2. The person must have a good relationship with the other heirs and family members.
3. The person must be honest. Unfortunately, there are cases where the Personal Representative takes assets that should be going to a different family member.
4. The person must be organized and be willing to take advice of professionals and others to guide administration of the estate.
Most people spend a great deal of time determining which family members are to receive which asset but not much time thinking about who will be the Personal Representative of their estate on their death.
In Wyoming, the Personal Representative is the person who, working in concert with the attorney for the estate, manages the assets, pays the debts and distributes the property of the deceased, according to the terms of the Will.
The Personal Representative has a duty of loyalty and a duty of care to marshal or gather and protect all assets of the estate.
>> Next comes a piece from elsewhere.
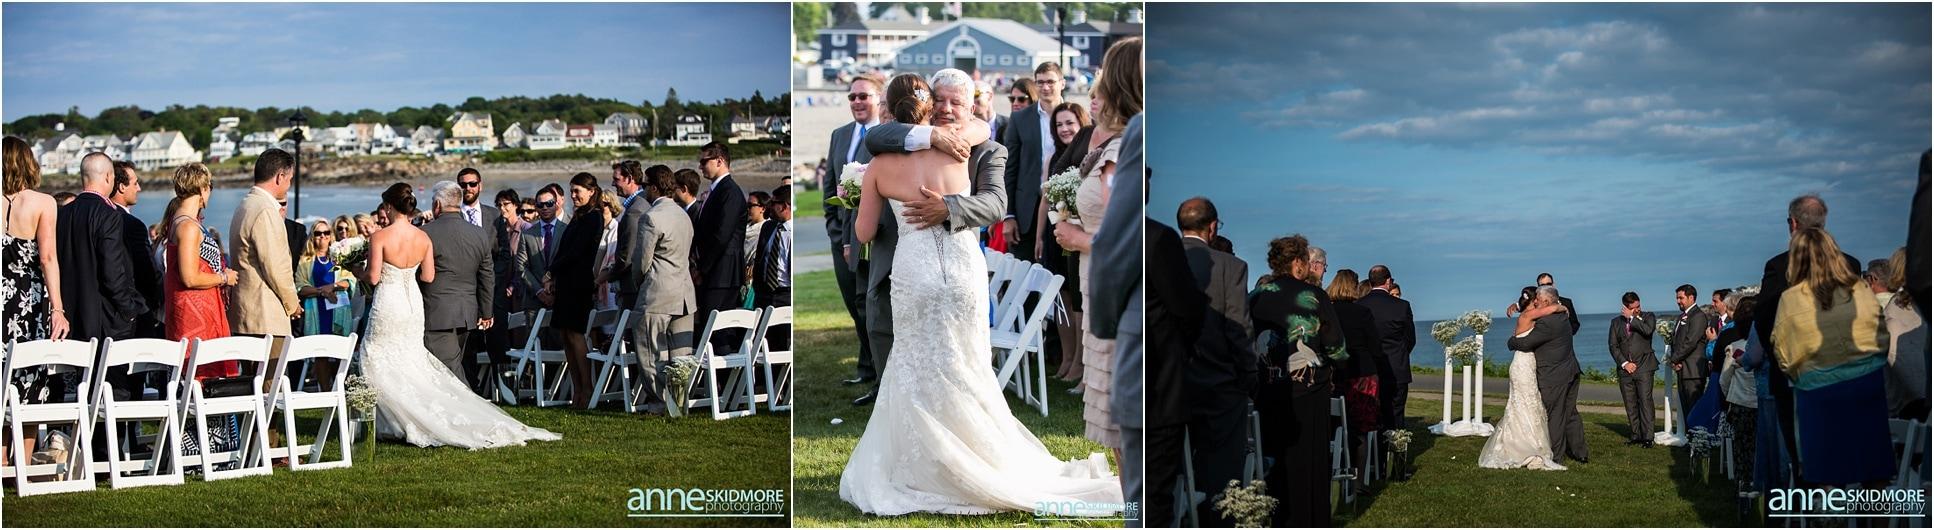 Union_Bluff_Wedding_0031

For example, if the deceased person owned a now empty home, the Personal Representative must make sure the home is secured, the assets are inventoried and protected, the utility bills are paid and perhaps that a security system is installed. The Personal Representative must make a careful search to find all of the deceased person's assets, and to pay all of the deceased's bills. The assets include items that may be in a safe, land located in other states, bank accounts, retirement accounts, brokerage accounts and art or other valuables. The inventory of the assets must be filed with the court, with the assistance of the estate's attorney.
A Notice of Creditors must be published in a local newspaper of general circulation, notifying potential creditors that they must formally present claims or the debts will be forever extinguished. If a creditor's claim is presented, the Personal Representative has a limited time to deny the claim if the Personal Representative believes it is not a valid claim.
After all the creditors are paid, the Personal Representative must distribute the remaining assets to the persons the deceased named in the Will.
Usually the Personal Representative does not get paid for all of this work. There is a statutory provision in Wyoming regarding payment for the work of the Personal Representative. The attorney handling the estate will be doing much of the work, with the Personal Representative assisting.
Sometimes, it might be more practical to name an accountant or other professional as the Personal Representative if there is no qualified person to be named as Personal Representative.